DATASET SECTION:
□ □ □ □
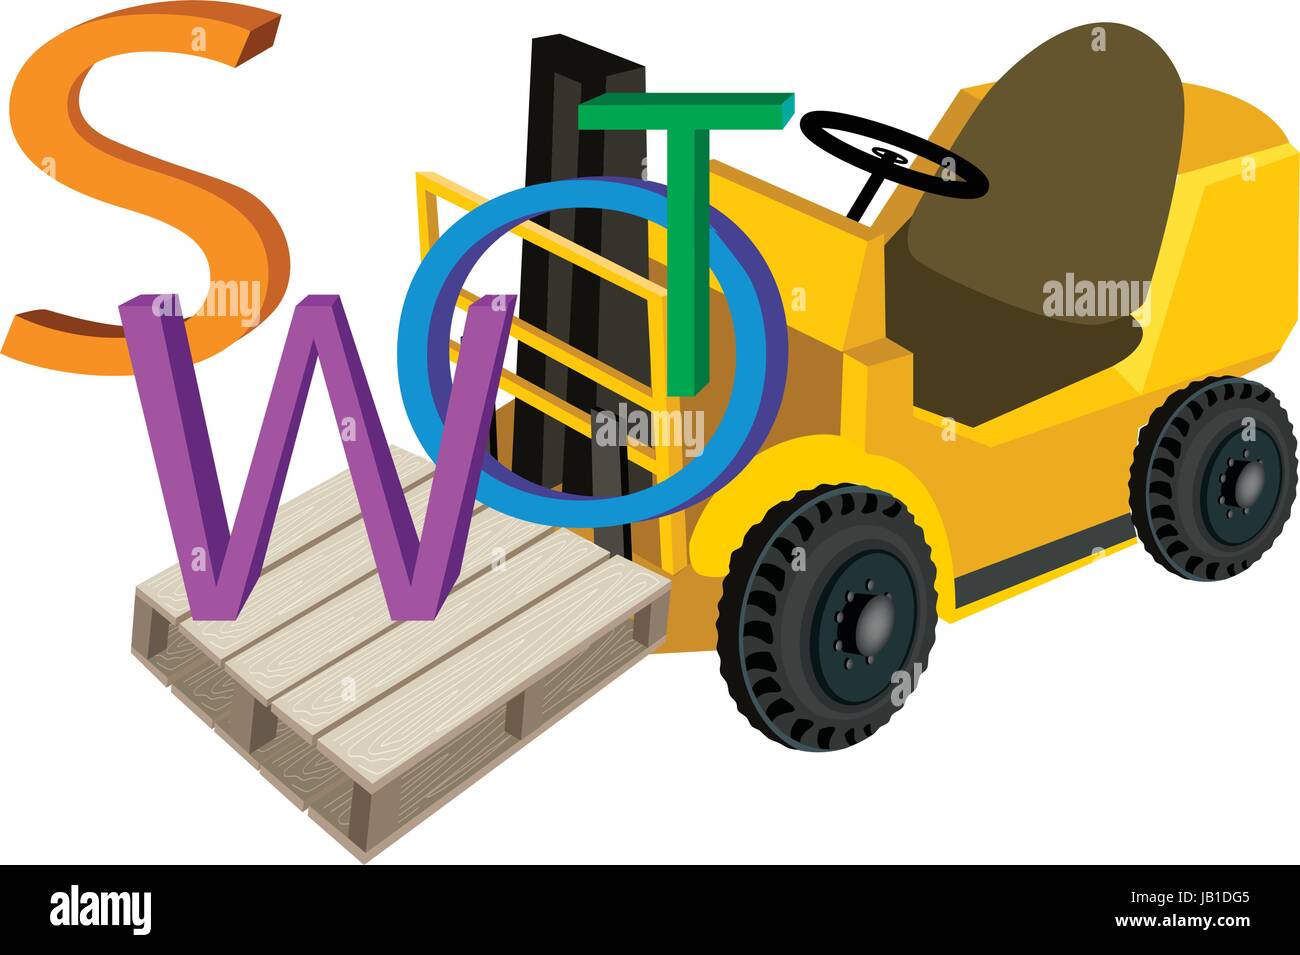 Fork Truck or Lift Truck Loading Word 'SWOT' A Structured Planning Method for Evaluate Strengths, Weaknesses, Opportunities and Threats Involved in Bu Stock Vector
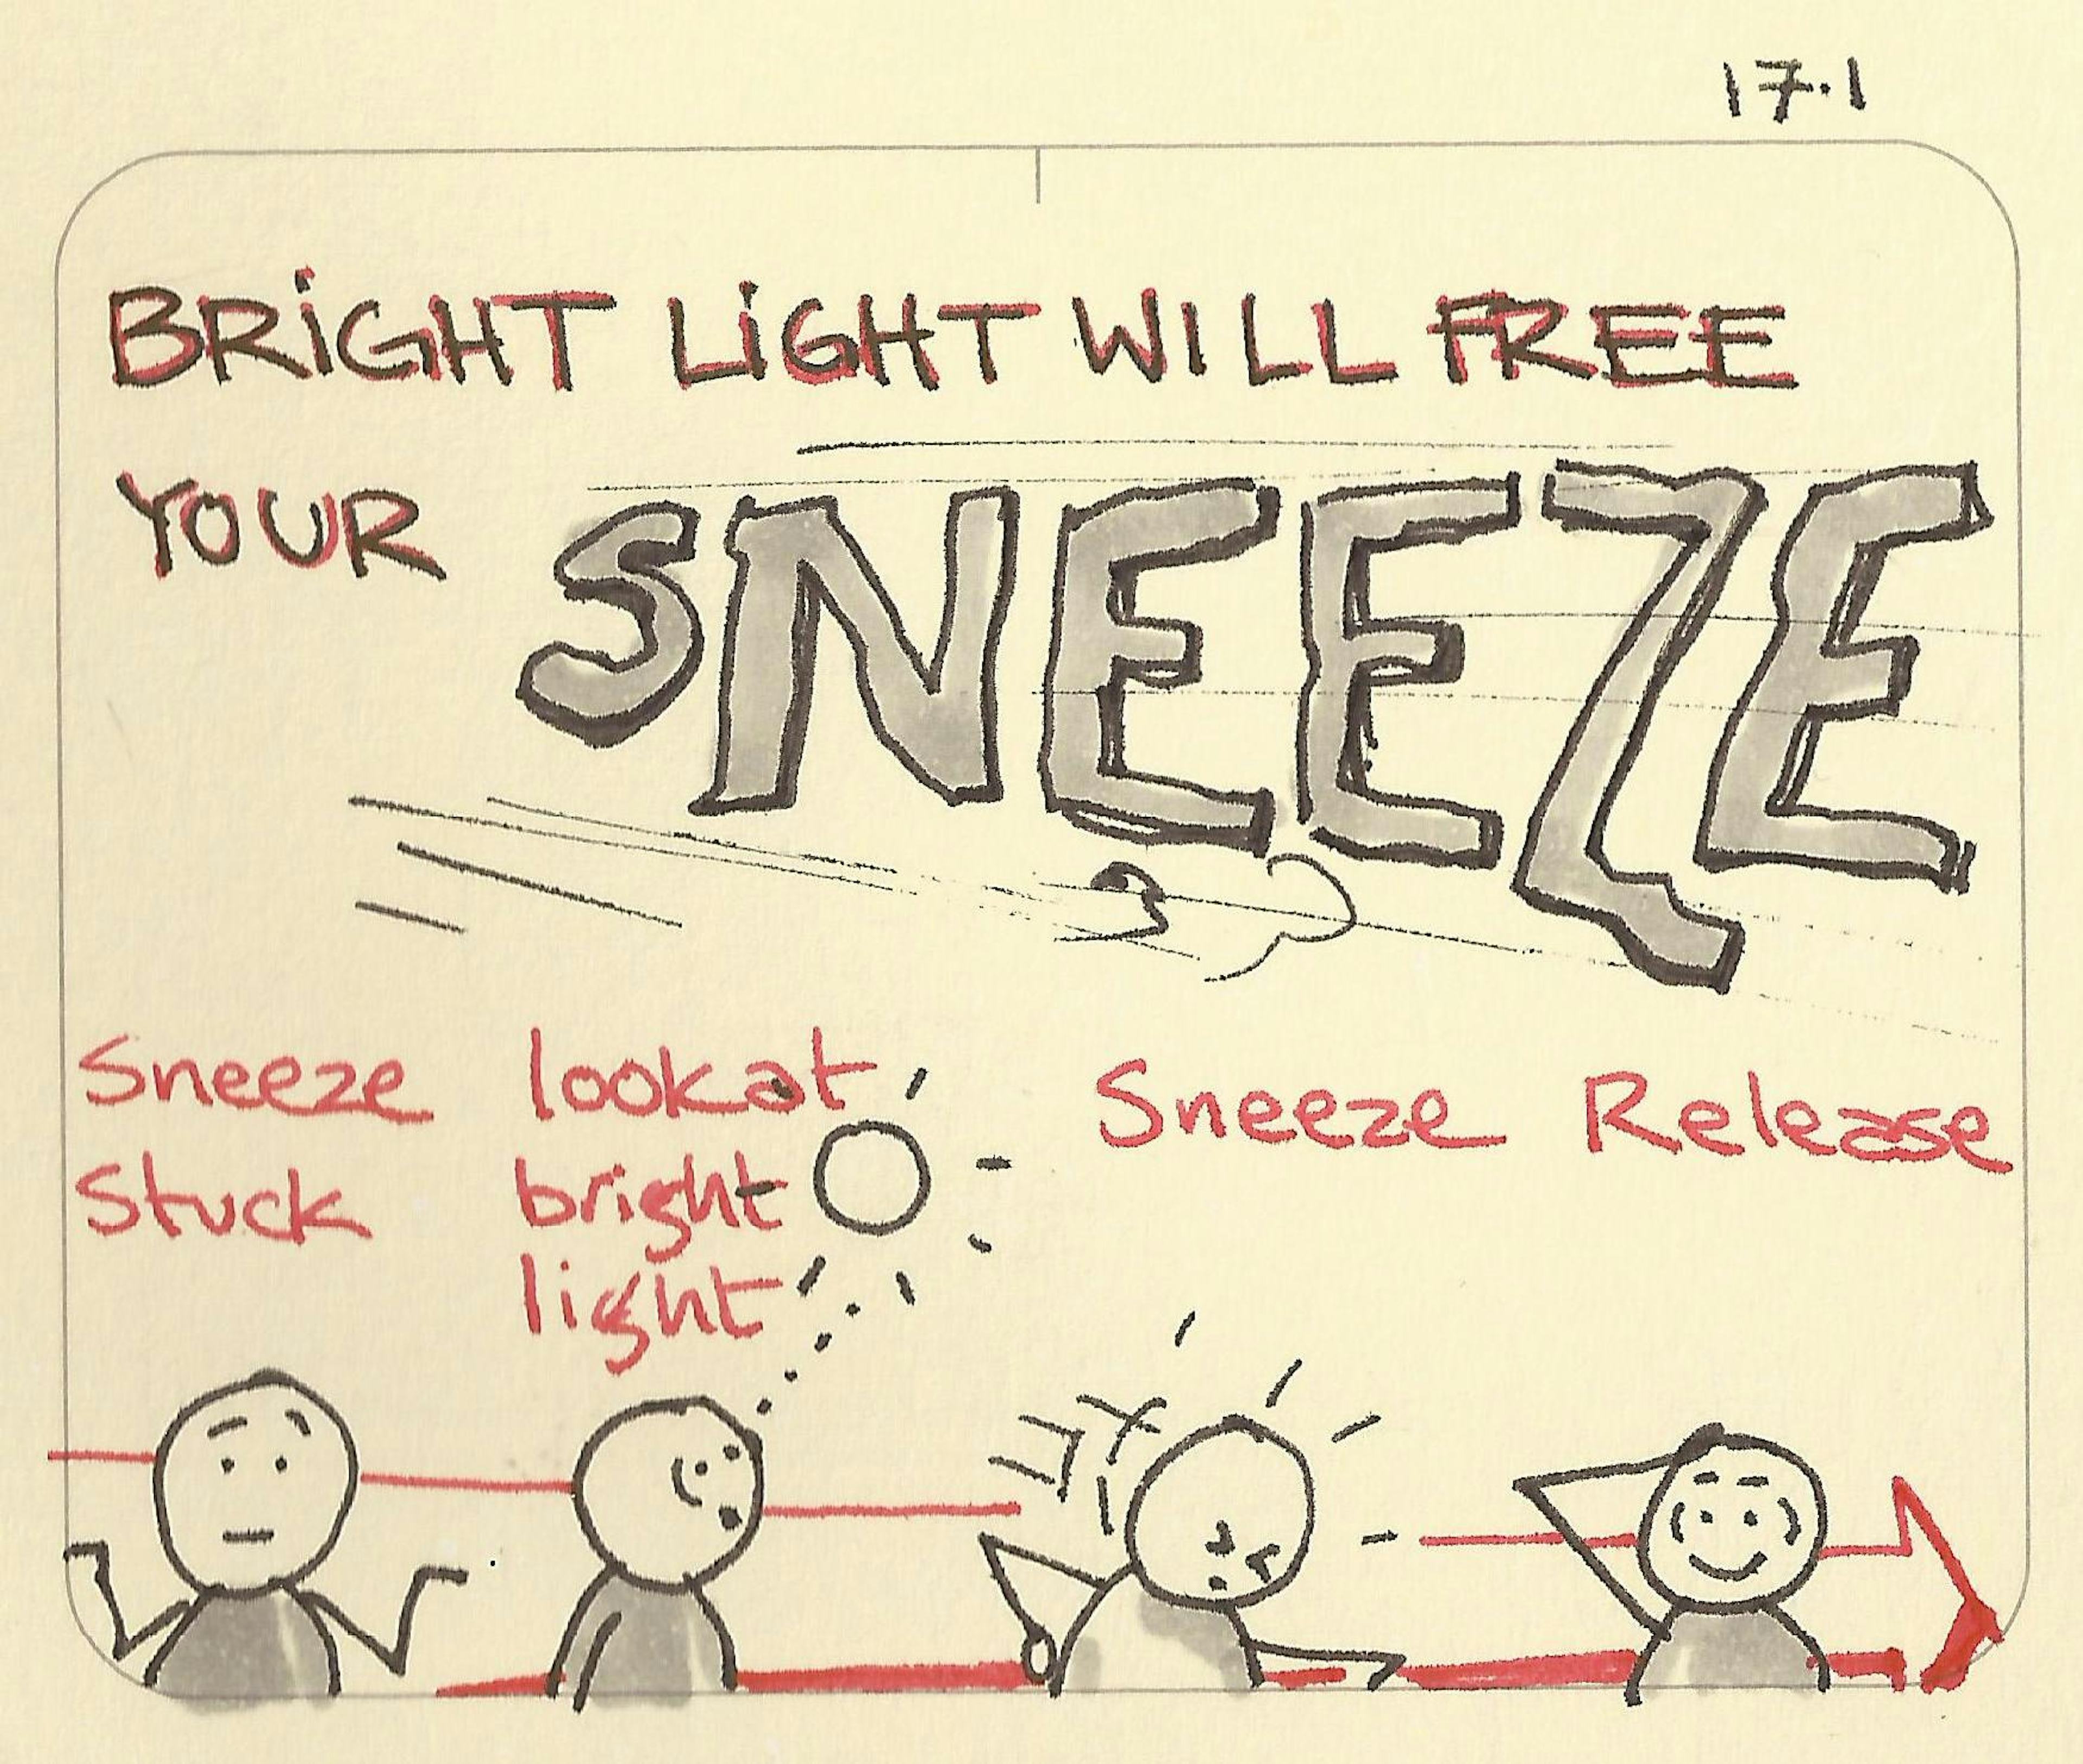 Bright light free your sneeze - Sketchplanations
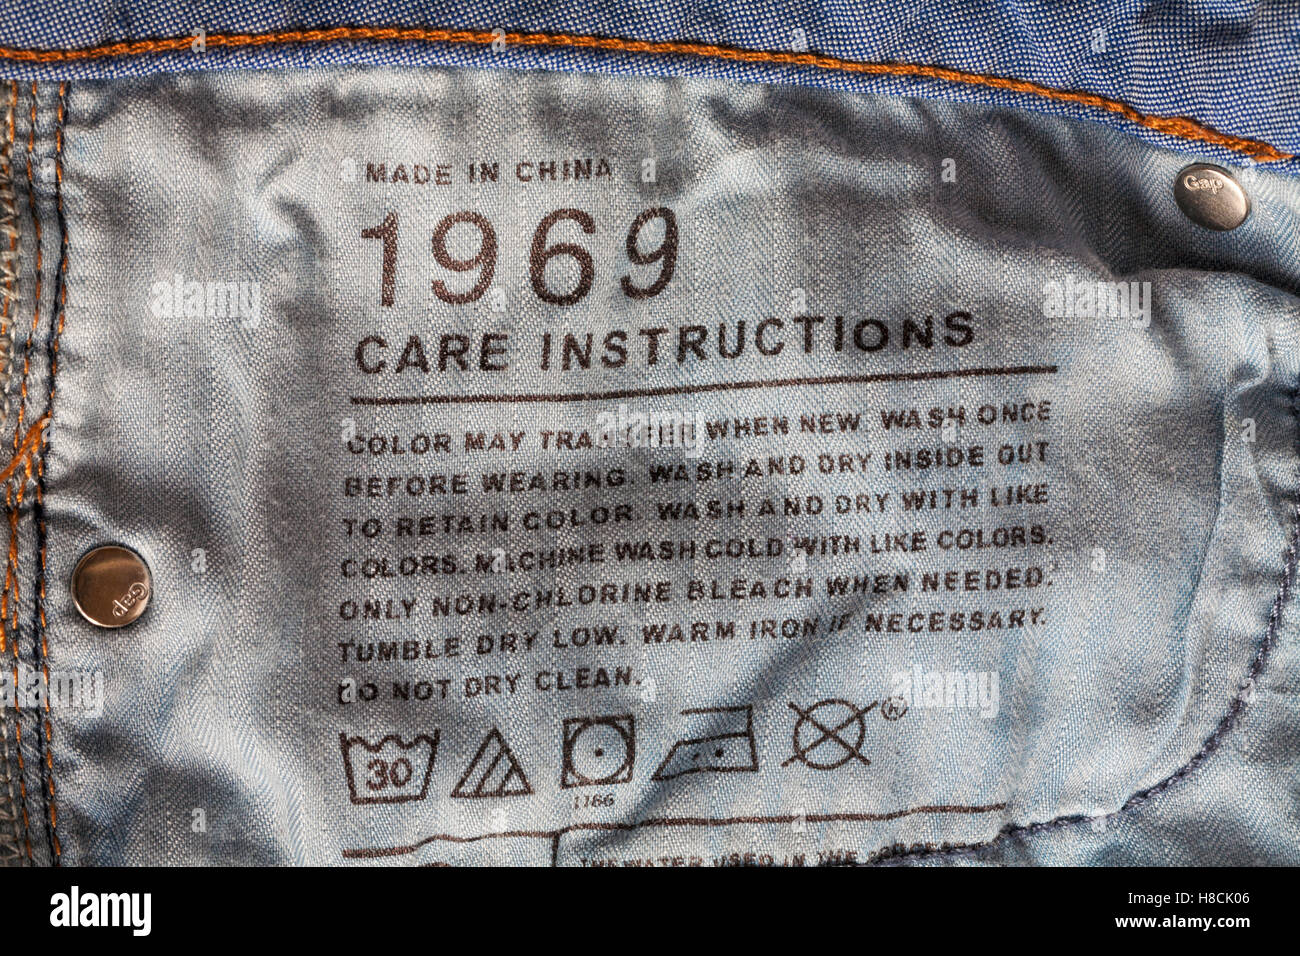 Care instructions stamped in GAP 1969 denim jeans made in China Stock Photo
□ □ □ □
PROBLEM DETAILS: In the copy, only the lines from the one holding "Bright light free" through the end of the listing above should appear, retyped exactly, both ends included, with no pictures.

SOLUTION TO THE EXERCISE:
 Bright light free your sneeze - Sketchplanations
 Care instructions stamped in GAP 1969 denim jeans made in China Stock Photo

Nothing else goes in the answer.